Вот какая история произошла однажды с мадам Лагрю, владелицей галереи дурной живописи на Монмартре, прославившейся благодаря своим бесчестным методам торговли, историей с полуголодным художником по имени О'Тул, а также натурщицей Фатимой, которая любила О'Тула и которая так ловко за него отомстила. А началось все как раз в галерее мадам Лагрю на рю Гиацинт.

Можно предположить с большой долей вероятности, что во всем мире нельзя было отыскать худшей живописи, чем та, что украшала стены галереи Лагрю.

Мадам, конечно, не подозревала об этом, так же как и, судя по всему, ее клиенты. По мнению мадам, любая из картин, будь то свинцово-серый пейзаж или же прелестные котята, выглядывающие из башмаков, была просто превосходна.

Первая причина того невероятного успеха, с которым она торговала произведениями низкопробного искусства, — ее ужасающий вкус.

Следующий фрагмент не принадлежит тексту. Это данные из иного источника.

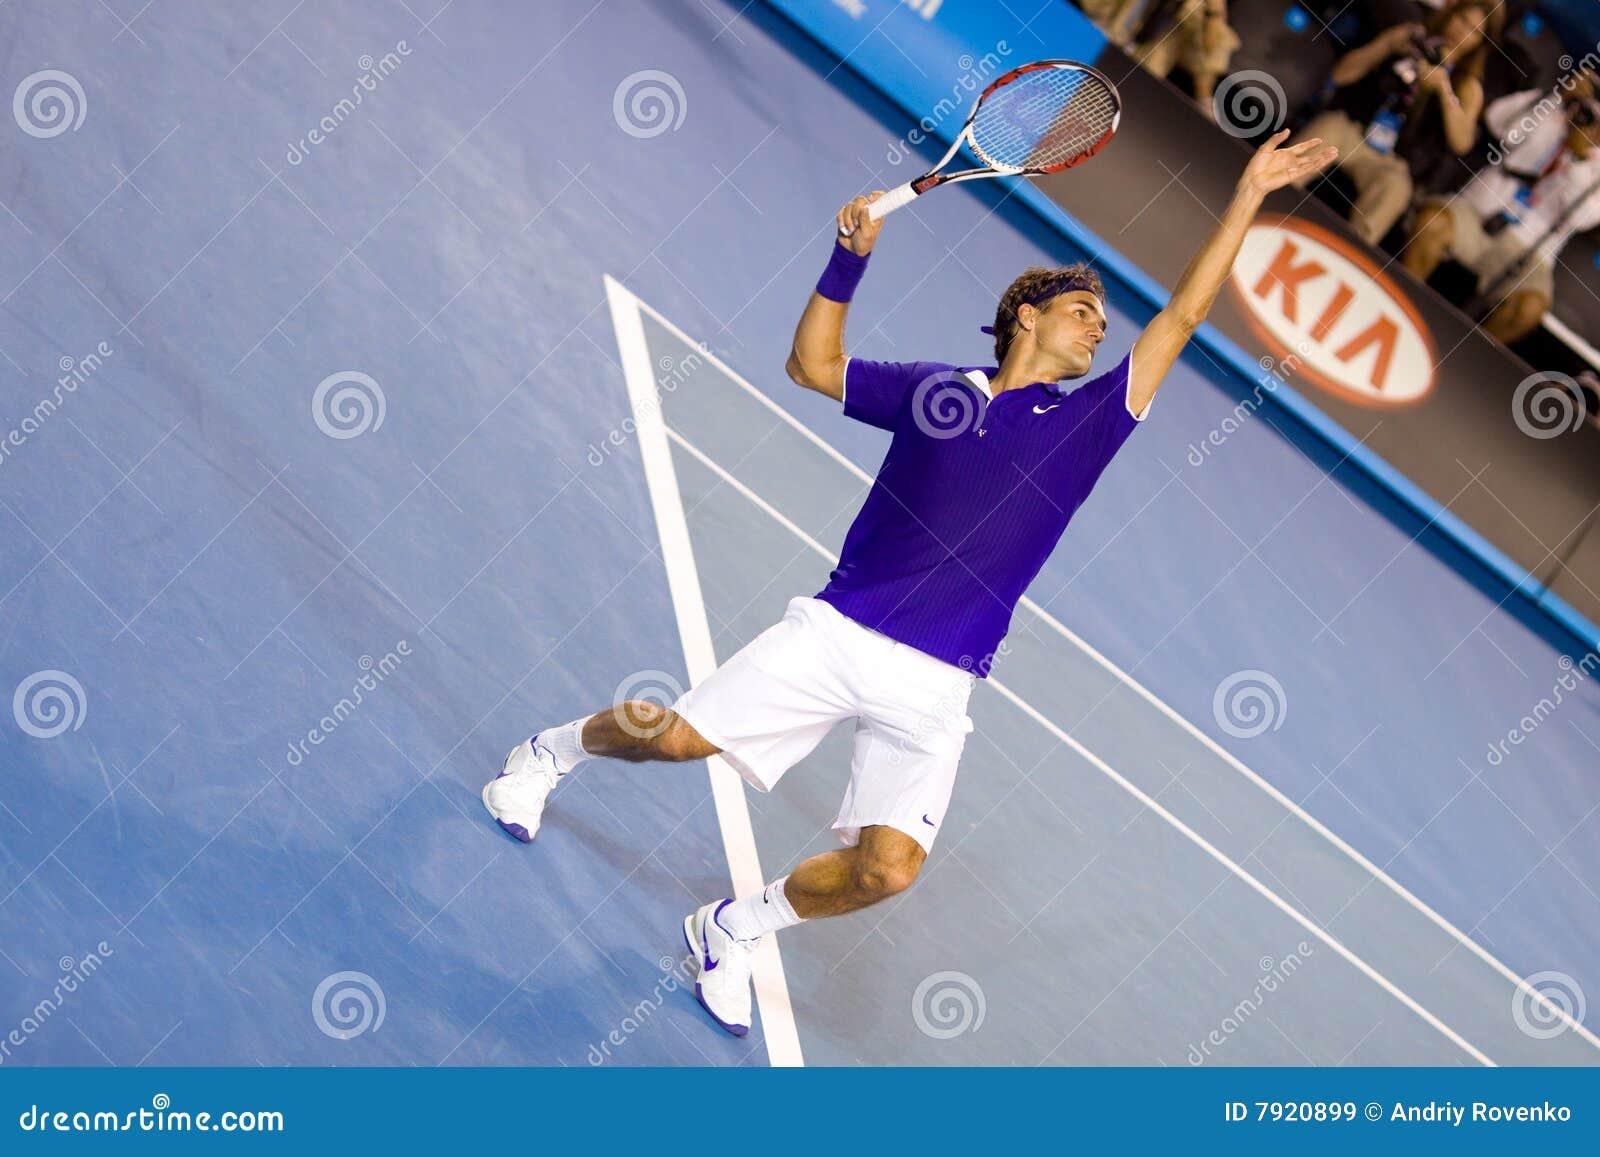 Jugador de tenis Roger Federer

Другой же причиной был потрясающий нюх, благодаря которому она раньше всех своих конкурентов учуяла исходящие из далекой Америки новые веяния в торговле изящными искусствами. Война закончилась, и весь средний класс среднего возраста этой благословенной земли, казалось, обуяла жажда приобретения того, что мадам в своей брошюре именовала «подлинными произведениями живописи, выполненными вручную на высококачественном холсте знаменитыми французскими художниками по умеренным ценам».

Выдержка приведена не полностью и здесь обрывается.